Troy Jason Matteson (born November 8, 1979) is an American professional golfer who plays on the PGA Tour.

Amateur career
Matteson was born in Rockledge, Florida. He played college golf at Georgia Tech and won the NCAA Individual Championship in 2002.

Professional career

Nationwide Tour
Matteson joined the Nationwide Tour in 2004. He set the record for the most money won in one season on the Nationwide Tour during the 2005 season, picking up $495,009 while recording victories at the Virginia Beach Open and the Mark Christopher Charity Classic. This earned him a promotion to the PGA Tour for 2006. His record was eclipsed in 2009 by Michael Sim.

PGA Tour
Matteson picked up his first win on the PGA Tour at the Frys.com Open on October 15, 2006. He struggled during most of 2006 but finished in the top-10 in his last five events en route to a career best 36th-place finish on the money list.

Matteson continued to be consistent in 2007 and 2008, finishing 73rd and 89th on the money list respectively. He finished in a tie for second at the 2008 PODS Championship.

In 2009 at the Frys.com Open (not the same Frys.com Open that Matteson won in 2006) in Scottsdale, Arizona, Matteson set a 36-hole PGA Tour scoring record. Matteson shot 61-61 on Friday and Saturday for a total of 122 strokes. This feat beat the record of 123 set earlier in the season by Steve Stricker at the Bob Hope Classic. He went on to win the tournament in a three-man playoff over Rickie Fowler and Jamie Lovemark. He went on to finish 56th on the money list.

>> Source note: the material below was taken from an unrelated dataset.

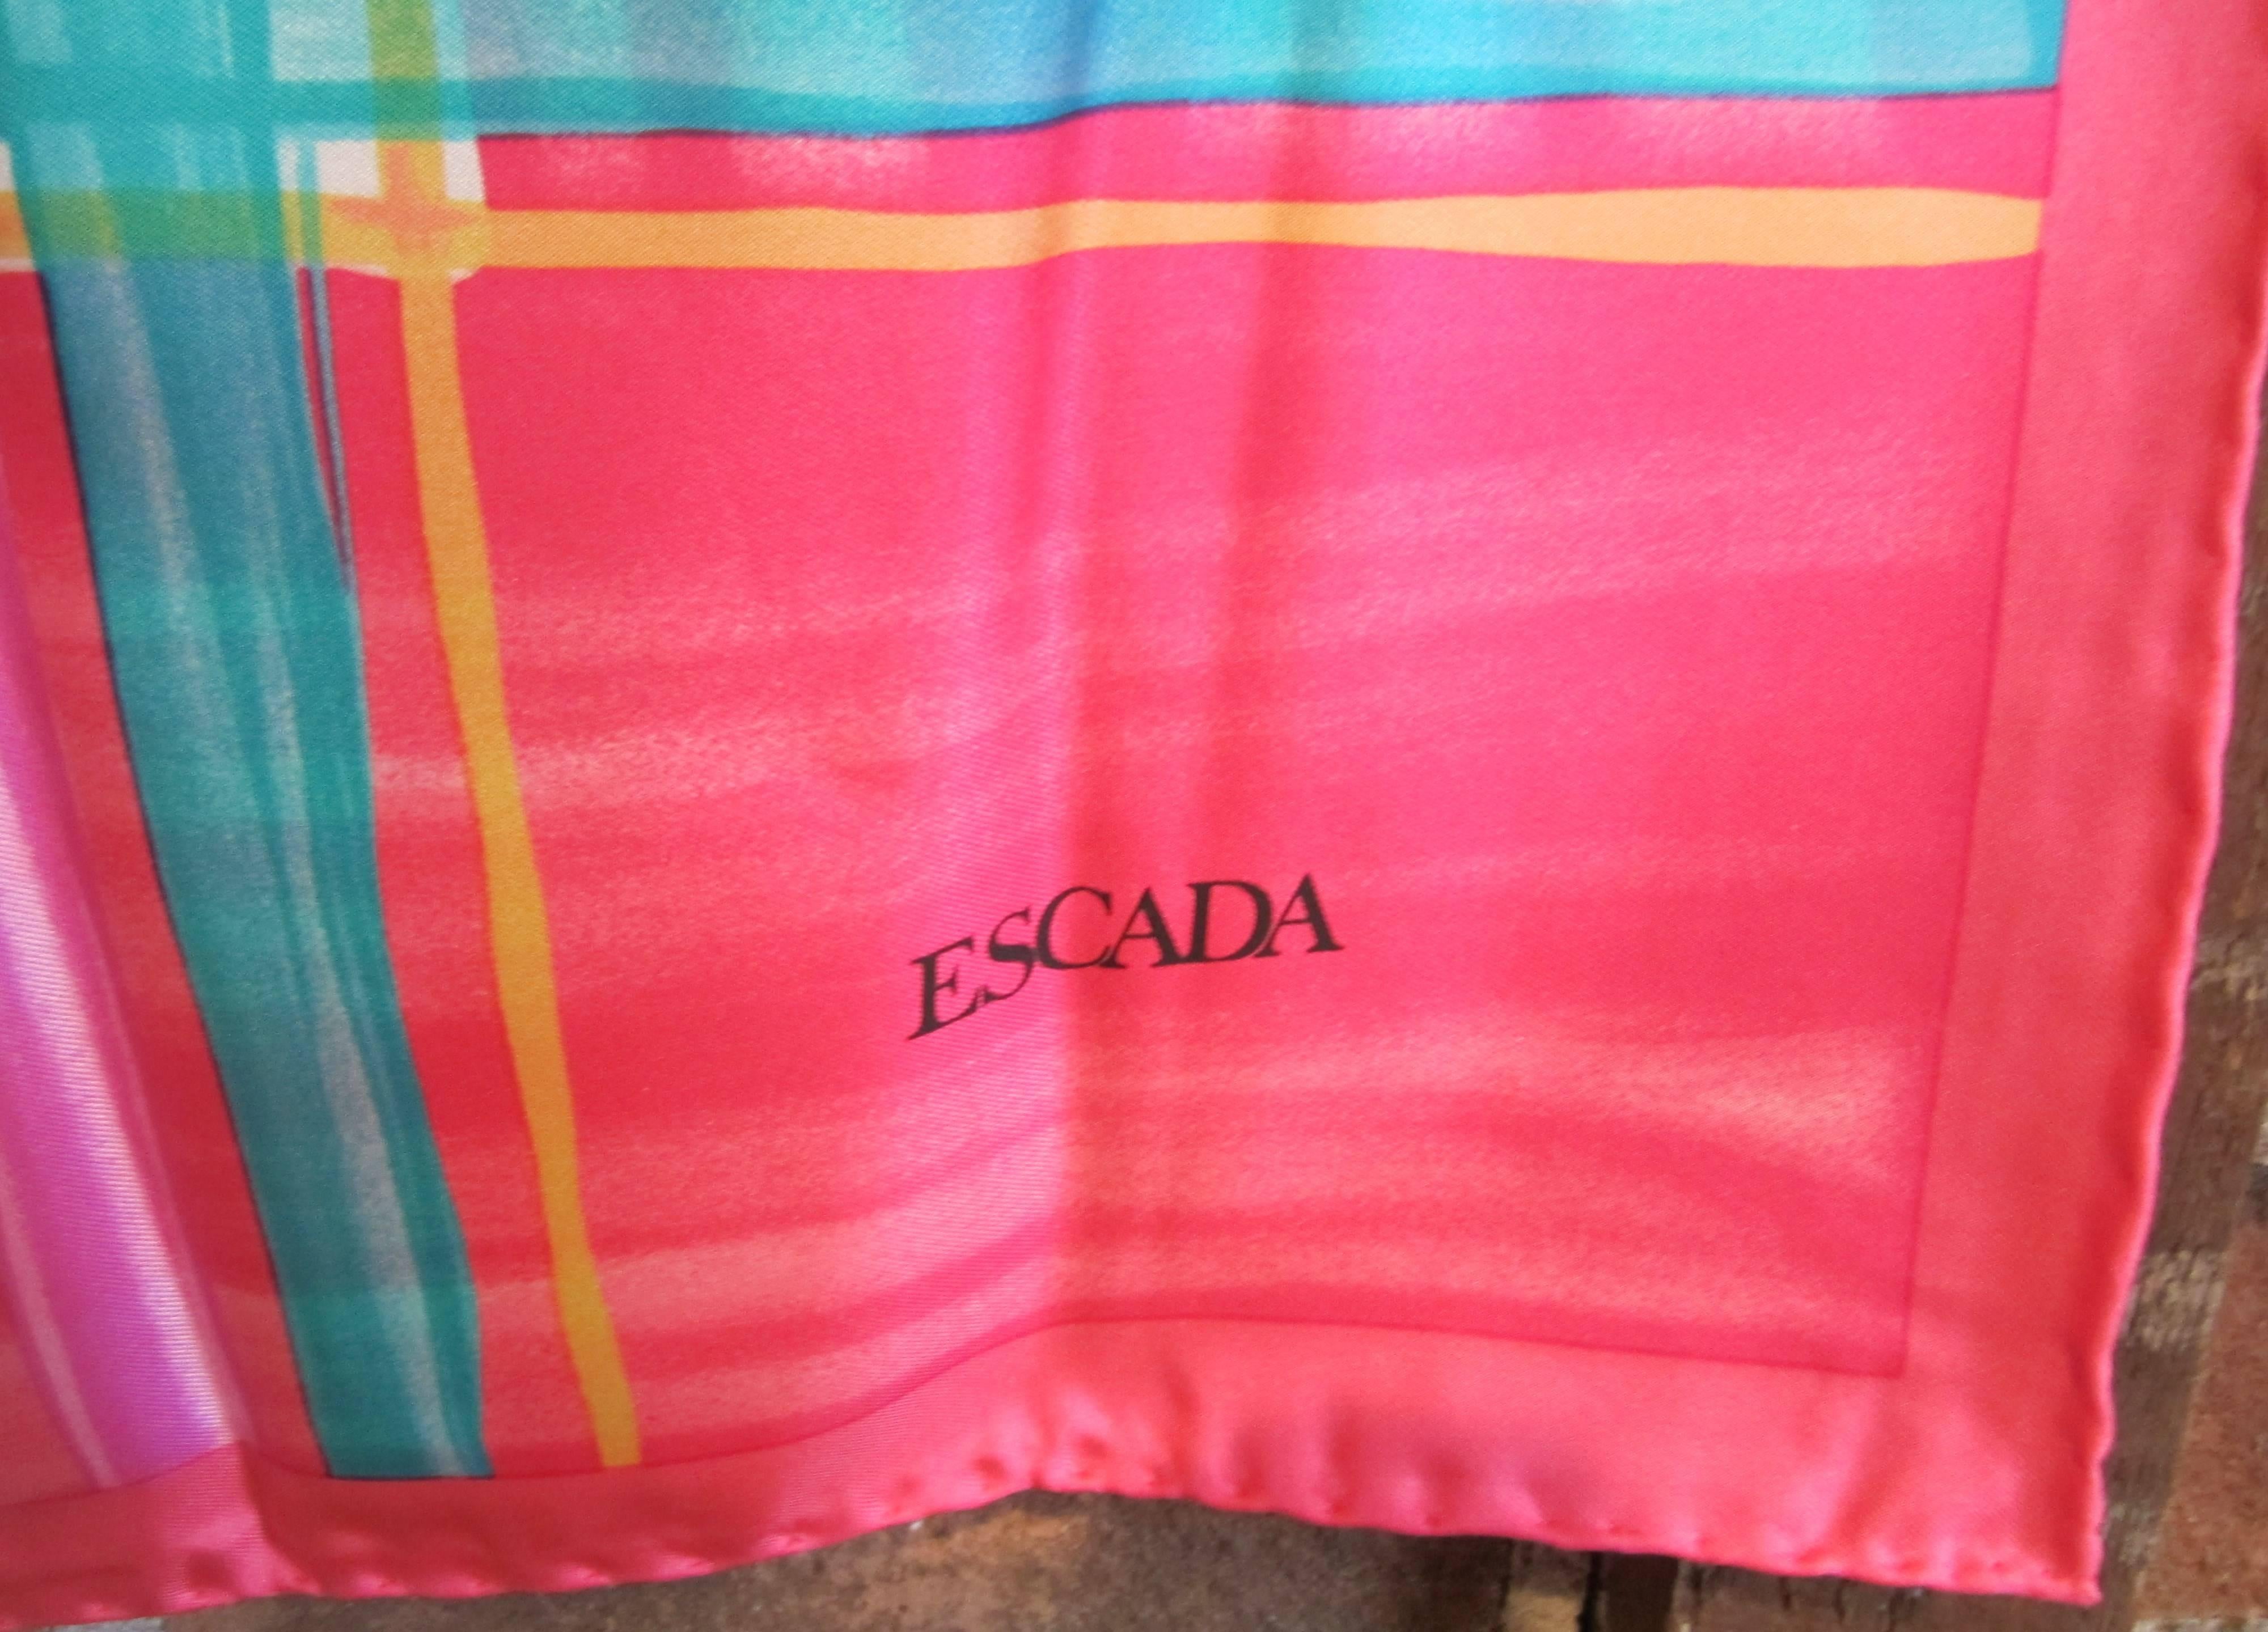  Escada Silk Scarf Pink Teal Yellow Purple Made in Italy 1990s New, Never Worn In New Condition For Sale In Wallkill, NY

In 2010, Matteson finished 128th on the money list, which would normally mean a conditional Tour card and a trip to qualifying school. However, his win in 2009 earned him a two-year exemption until the end of 2011. Matteson almost picked up his third PGA Tour victory in March 2011 at the Puerto Rico Open but lost to Michael Bradley in a playoff. He would go on to finish 94th on the money list.

In July 2012, Matteson finished second at the John Deere Classic after losing out in a playoff to Zach Johnson. The pair were tied at 20 under par after regulation play and at the first extra hole both players made double bogey after finding the water hazard with their second shots into the 18th. Johnson won the playoff with a birdie on the second extra hole when he tapped in from less than a foot after a superb approach, while Matteson could not hole his 43-footer to extend the playoff. However Matteson secure a place in The Open Championship for the first time in his career by finishing as the highest non-qualifier at the event.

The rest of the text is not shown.